Your instructions | Drop the pictures and extract exactly the lines from the one that contains "Jean Mahie Paris" through the end of the material.

═══ Supplied material ═══

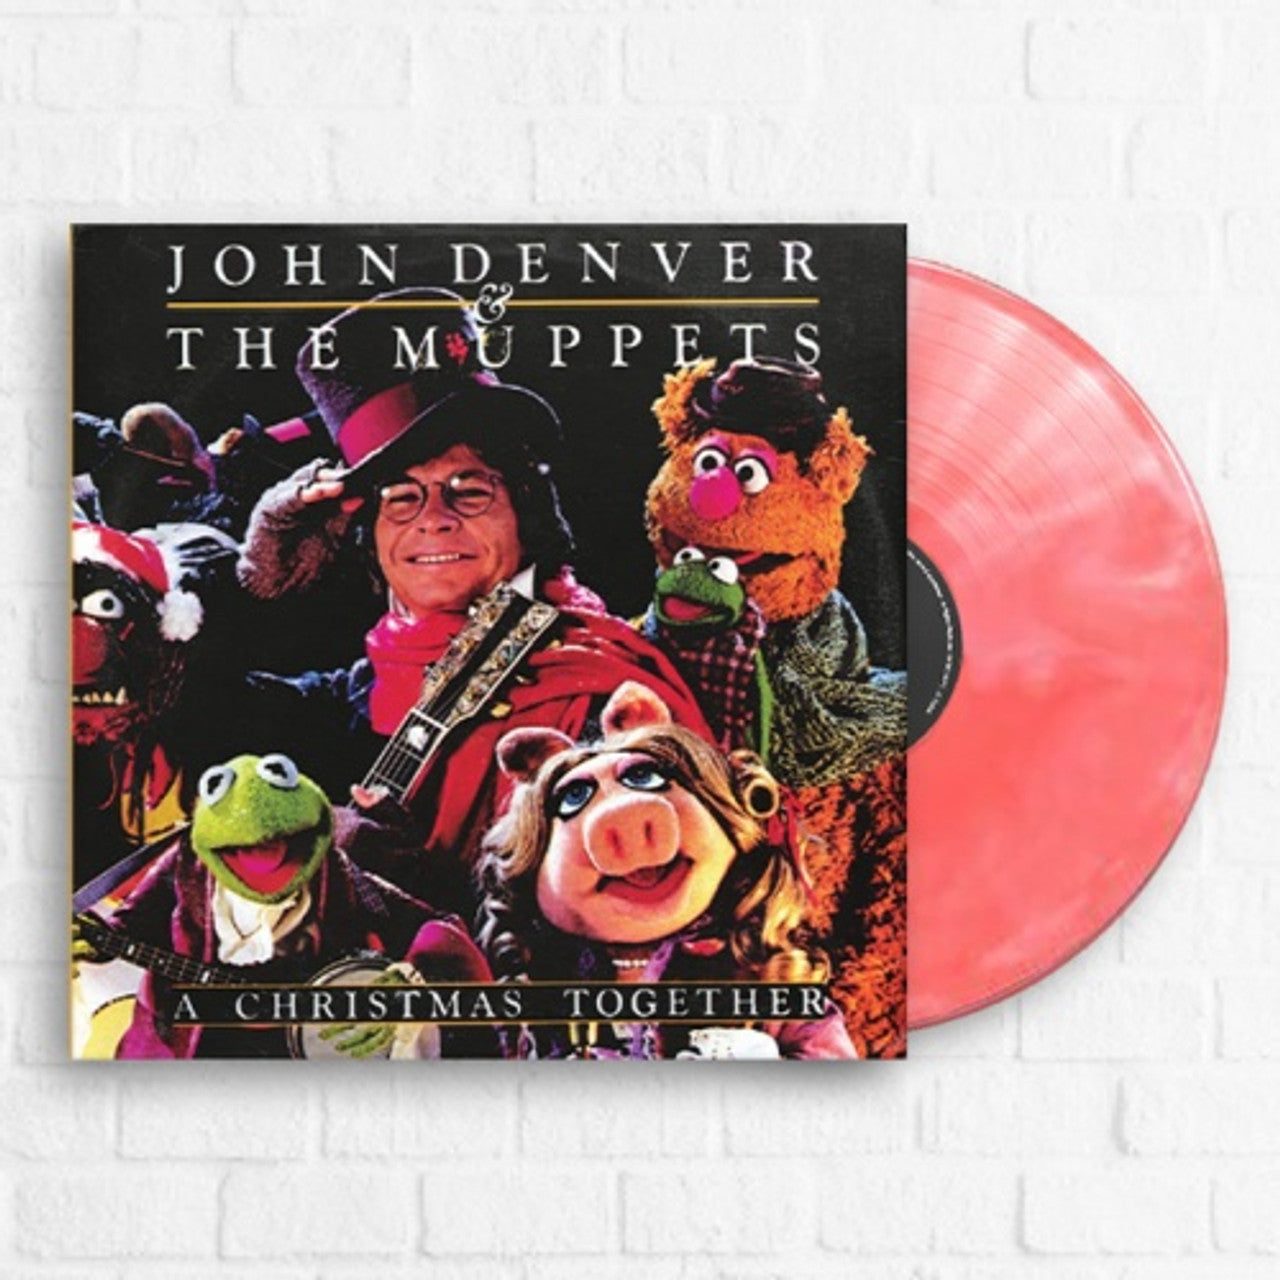 John Denver & The Muppets: A Christmas Together: Candy Cane Swirl Vinyl
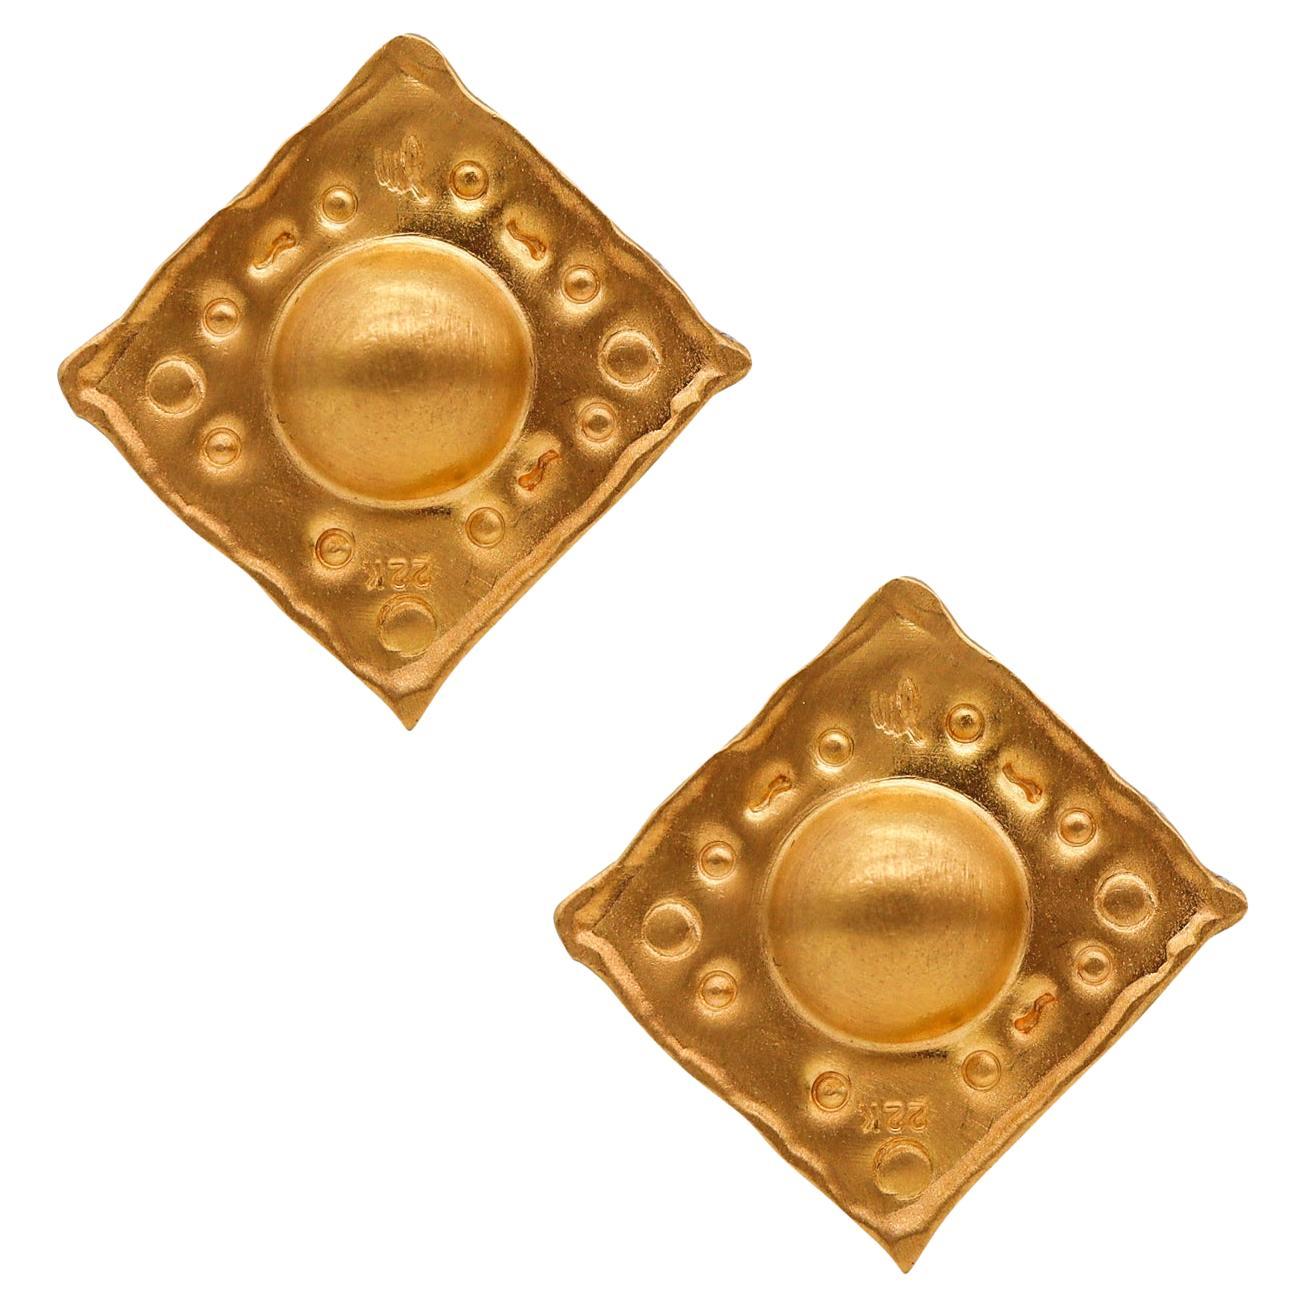 Jean Mahie Paris Artistic Vintage Squared Clips Earrings in Textured 22Kt Yellow For Sale
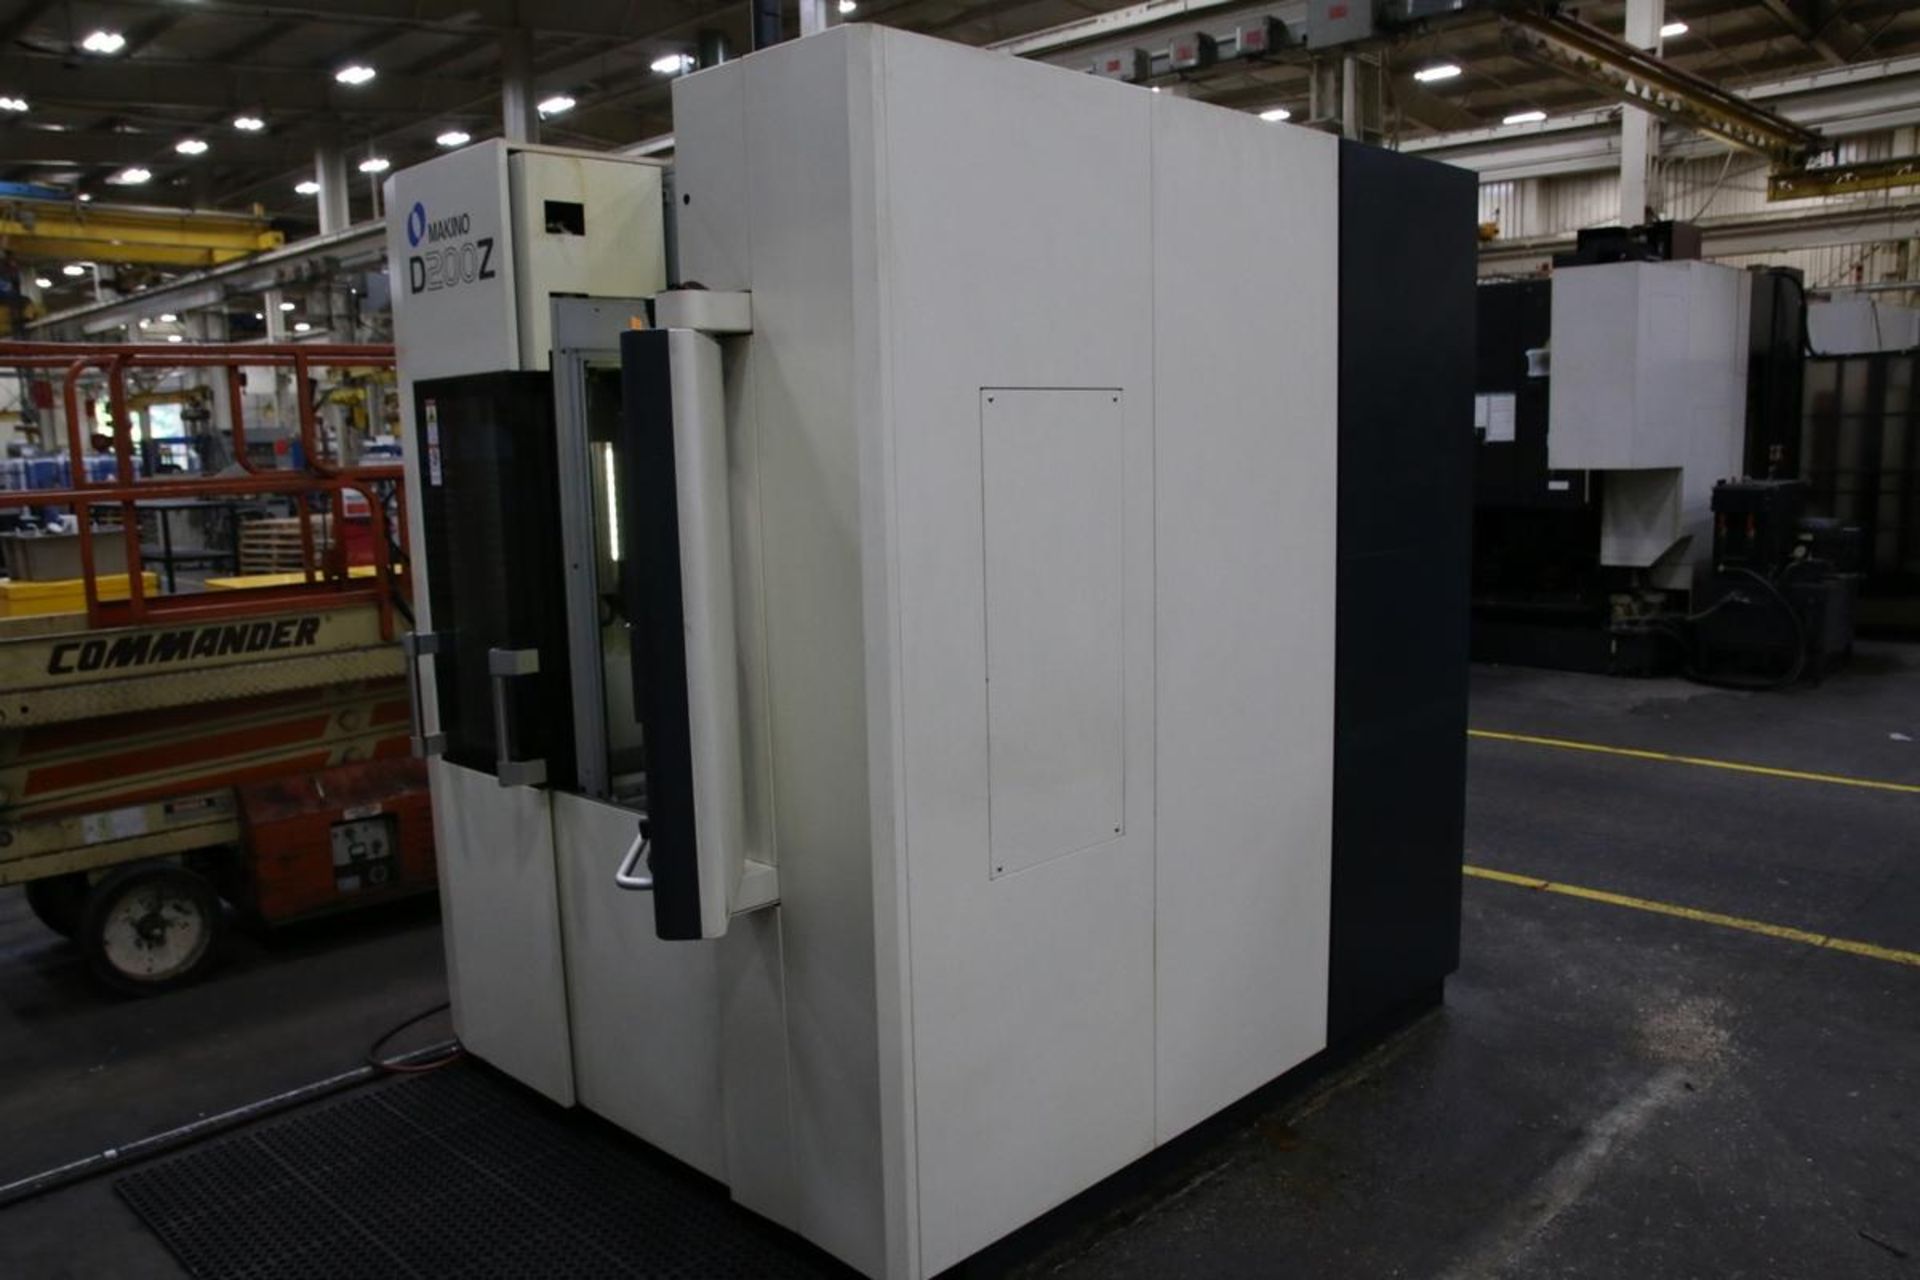 2018 Makino D200Z 5-Axis High Speed CNC Vertical Machining Center - Image 7 of 20

═══

Task solution |
 Jean Mahie Paris Artistic Vintage Squared Clips Earrings in Textured 22Kt Yellow For Sale
 2018 Makino D200Z 5-Axis High Speed CNC Vertical Machining Center - Image 7 of 20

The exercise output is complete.